Top of Data listing

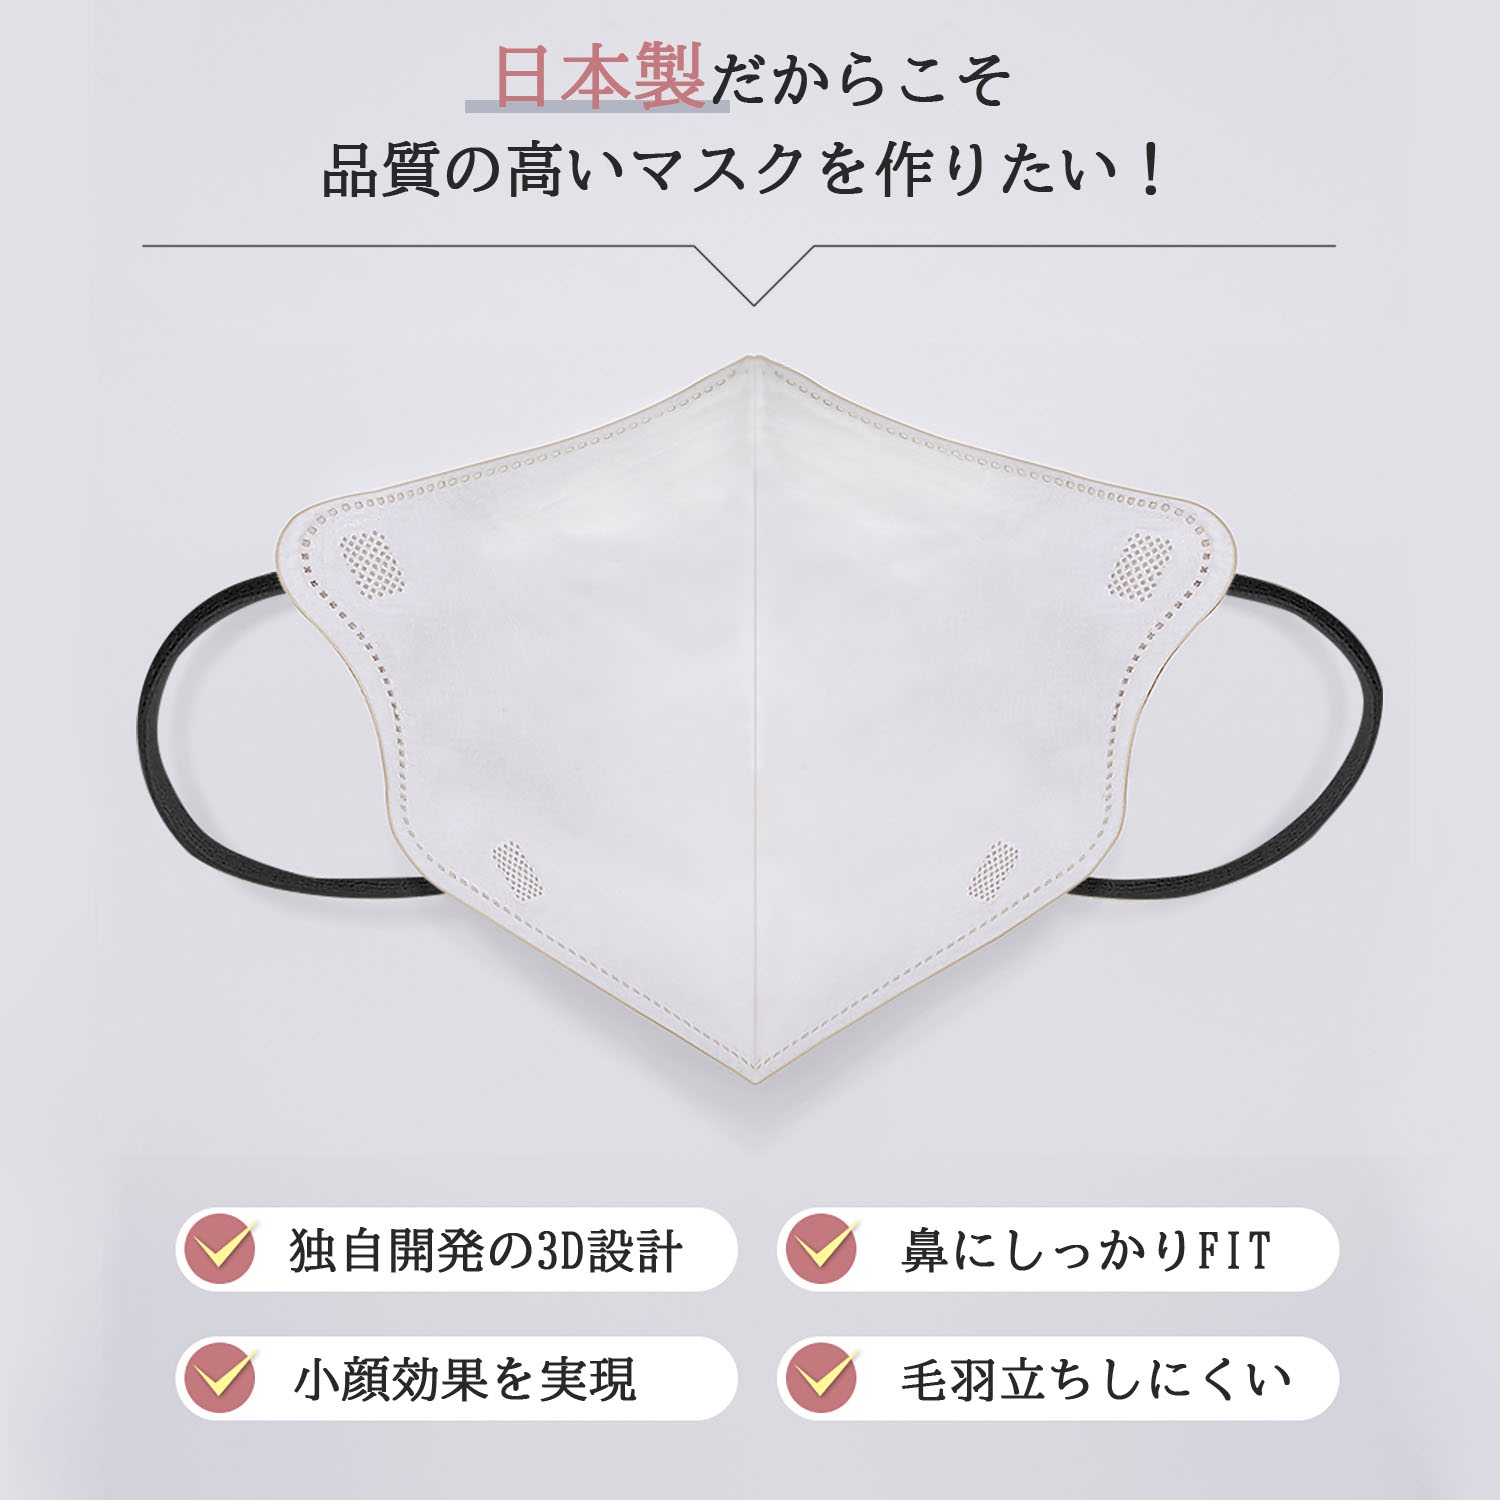 立体マスク 3D 不織布 日本製 カラー くちばし 20枚(10枚入*2袋) 小顔 使い捨て メガネが曇りにくい 呼吸しやすい 口紅に付かない 耳が痛くならない 熱中症対策917537
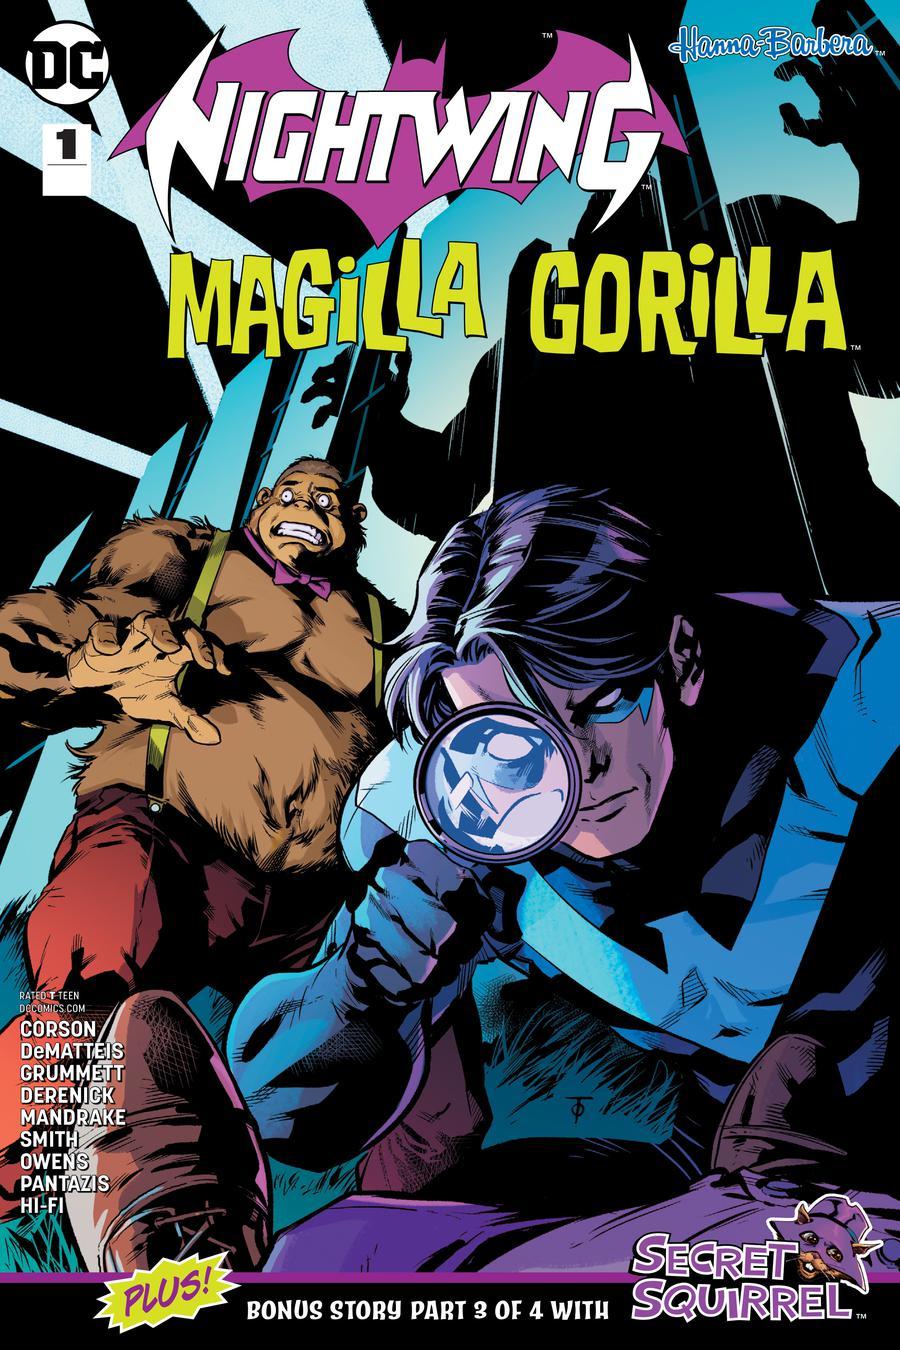 Nightwing Magilla Gorilla Special Vol. 1 #1
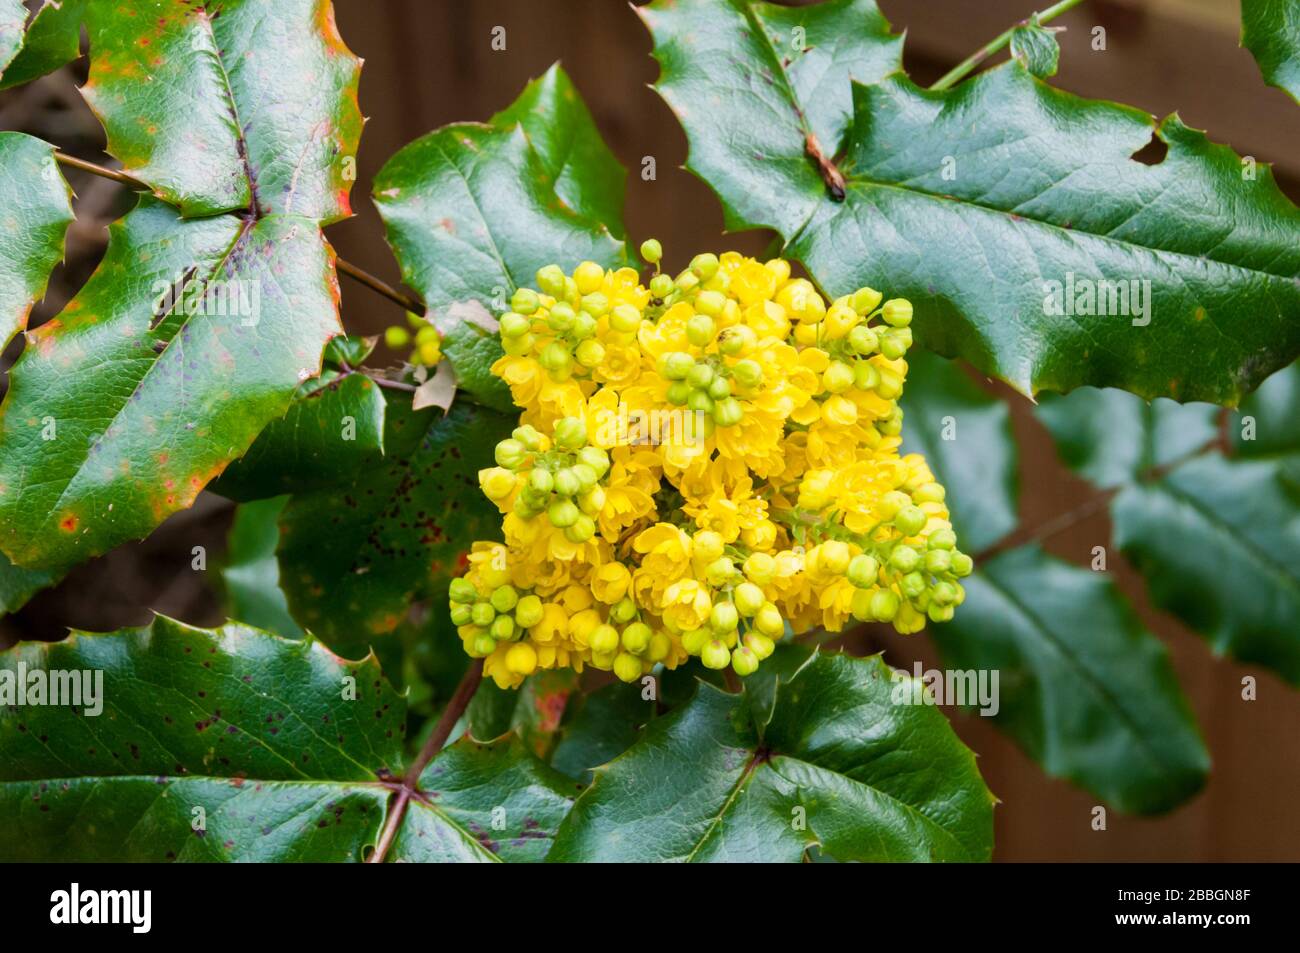 Fiori gialli su uva Oregon, Mahonia aquifolium. Foto Stock
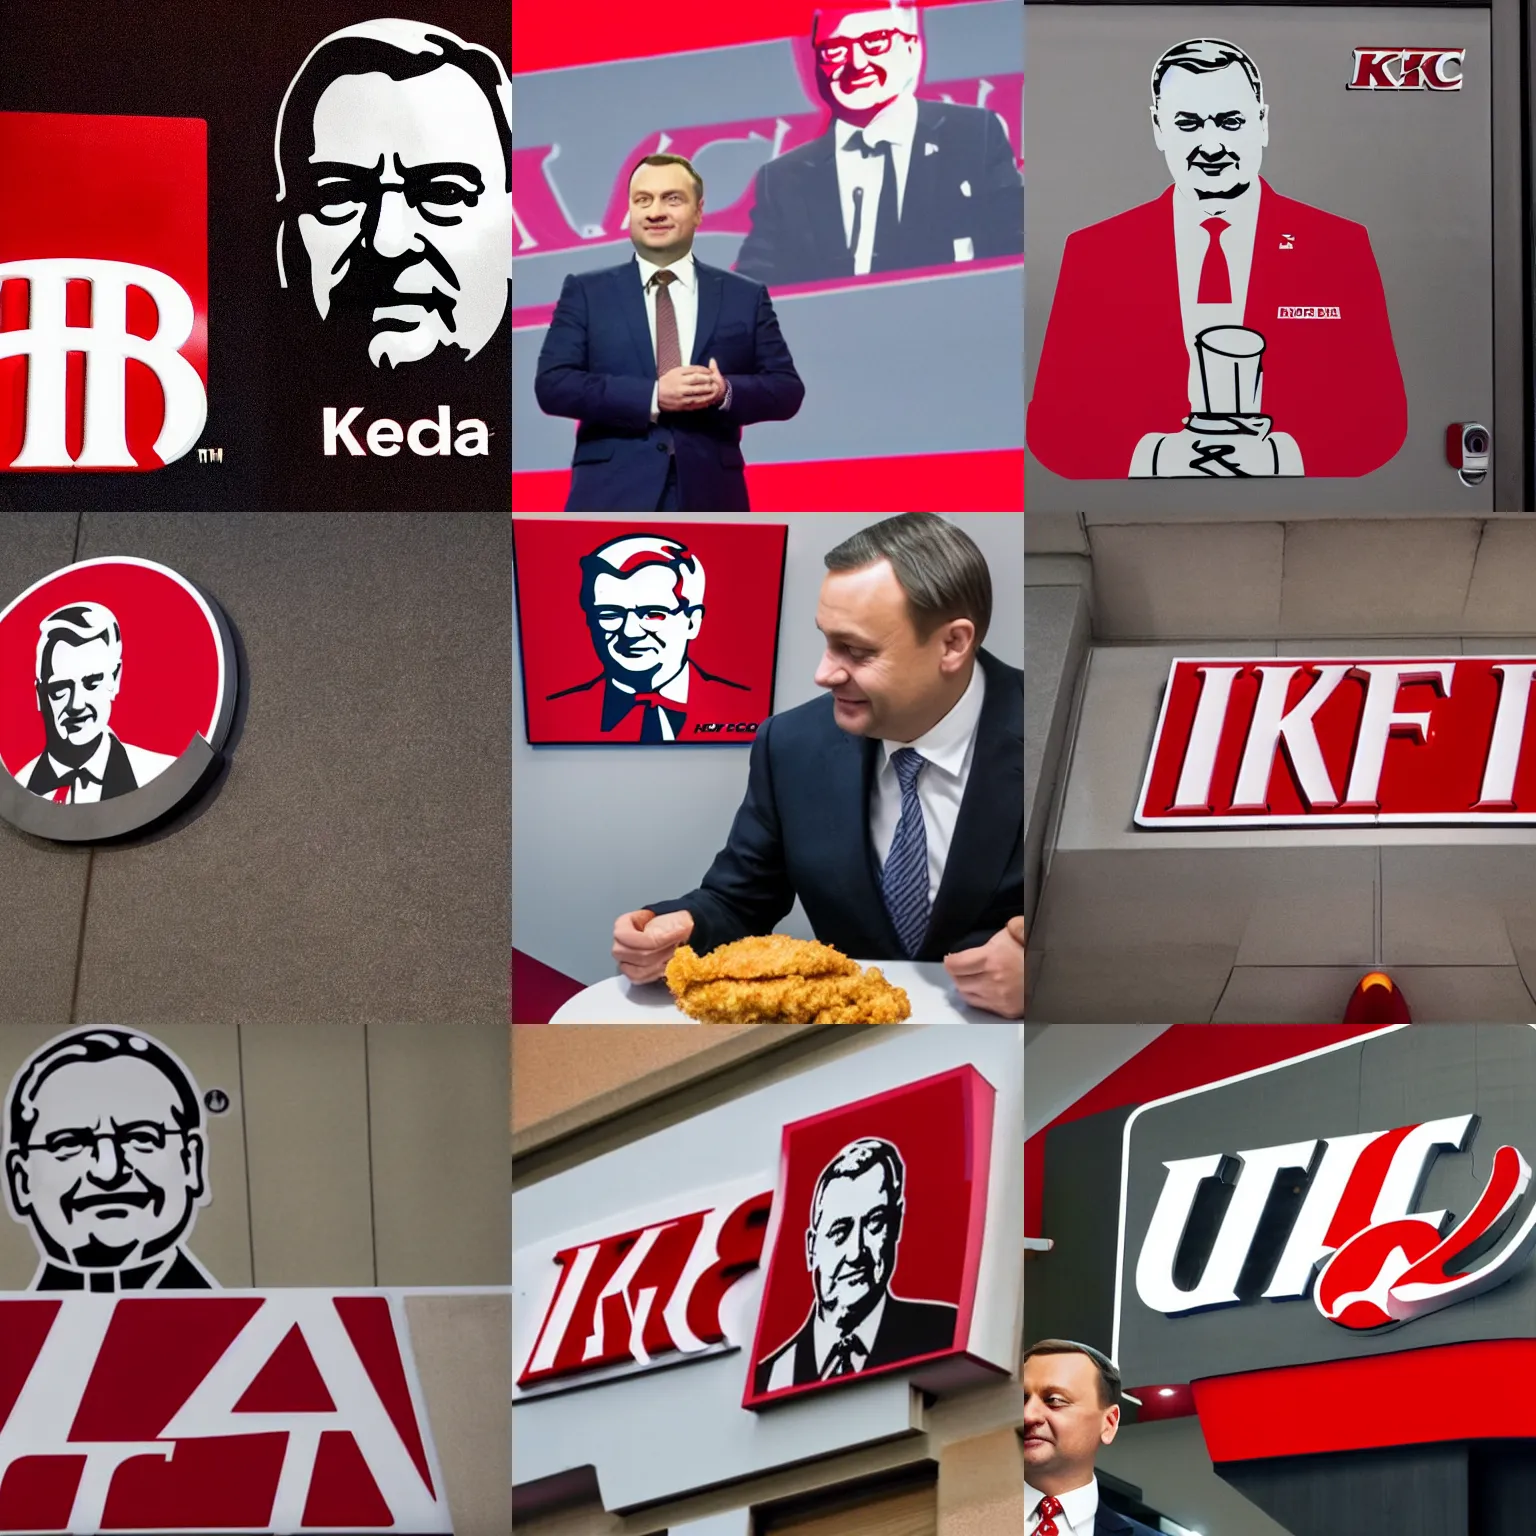 Prompt: KFC logo with Andrzej Duda
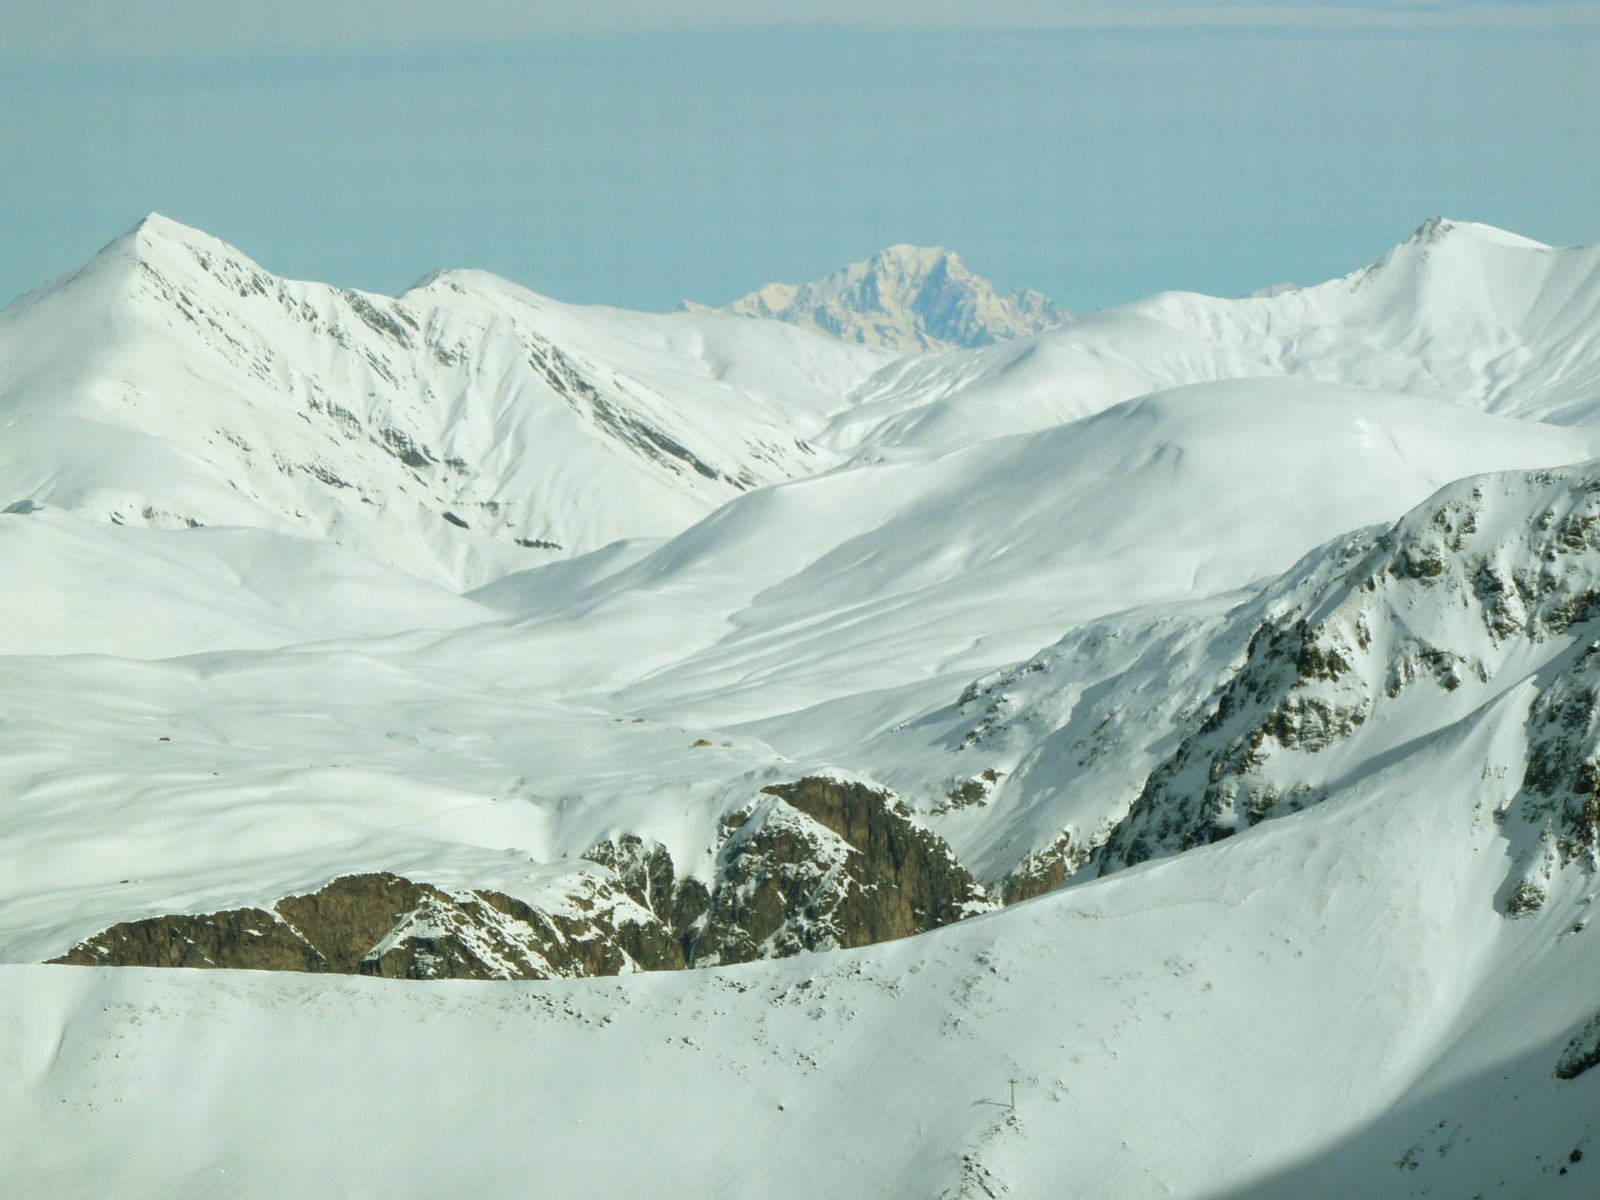 A hegyek között kikandikáló Mont Blanc csúcs

Bottom of Data listing

_Required work_:
Exact repetition is the task: every line from the start of the data to the line with "Prompt: KFC logo with Andrzej Duda", inclusive, and none after it, pictures omitted.

_Written response_:
 立体マスク 3D 不織布 日本製 カラー くちばし 20枚(10枚入*2袋) 小顔 使い捨て メガネが曇りにくい 呼吸しやすい 口紅に付かない 耳が痛くならない 熱中症対策917537
 Nightwing Magilla Gorilla Special Vol. 1 #1
 Fiori gialli su uva Oregon, Mahonia aquifolium. Foto Stock
 Prompt: KFC logo with Andrzej Duda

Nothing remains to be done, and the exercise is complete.